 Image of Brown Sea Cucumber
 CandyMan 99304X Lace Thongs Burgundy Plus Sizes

+ + + + + + +

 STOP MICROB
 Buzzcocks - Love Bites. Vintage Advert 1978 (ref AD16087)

+ + + + + + +

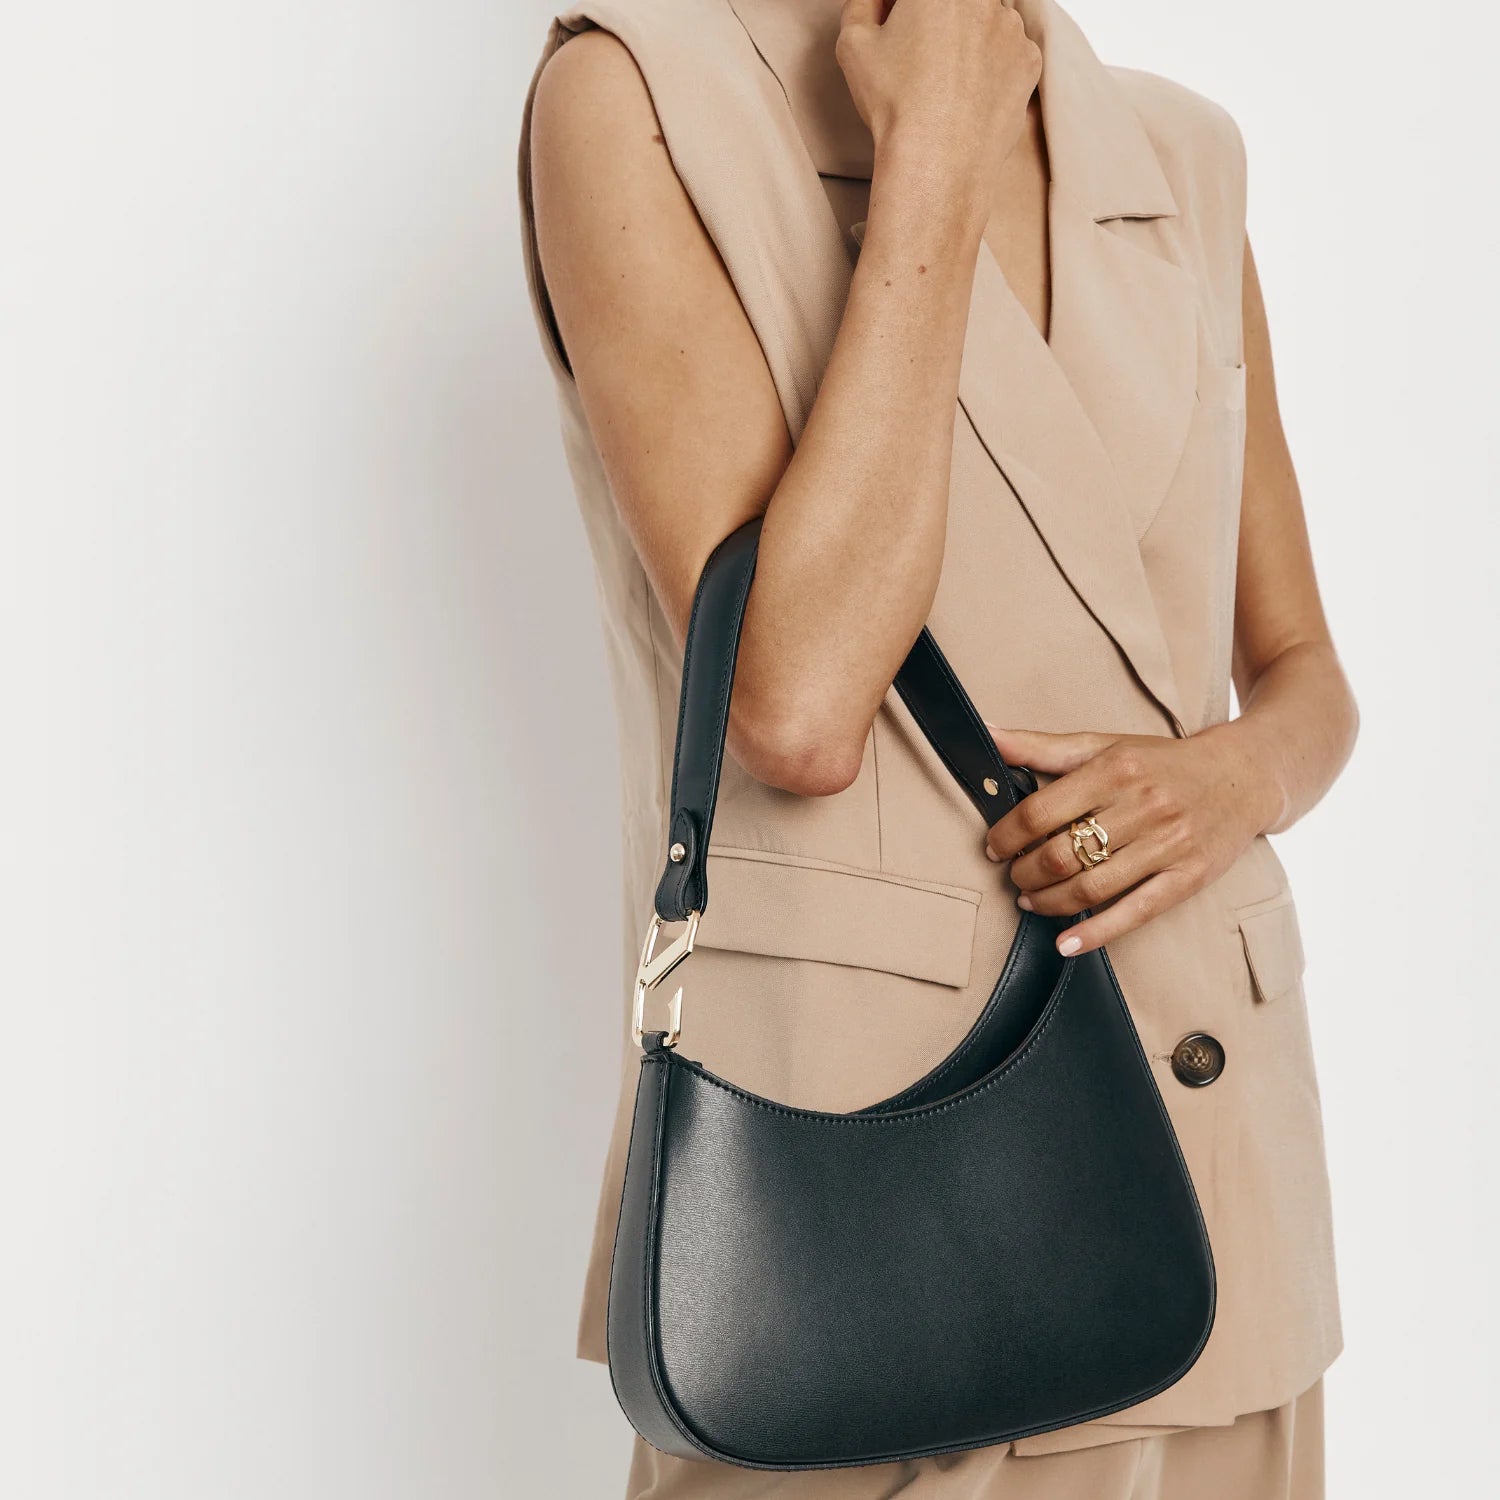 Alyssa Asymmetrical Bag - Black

+ + + + + + +

What is required:
Using the entries above, give back exactly the line containing "Image of Brown Sea Cucumber", the line containing "CandyMan 99304X Lace", and every line between them, and nothing else.

Finished task:
 Image of Brown Sea Cucumber
 CandyMan 99304X Lace Thongs Burgundy Plus Sizes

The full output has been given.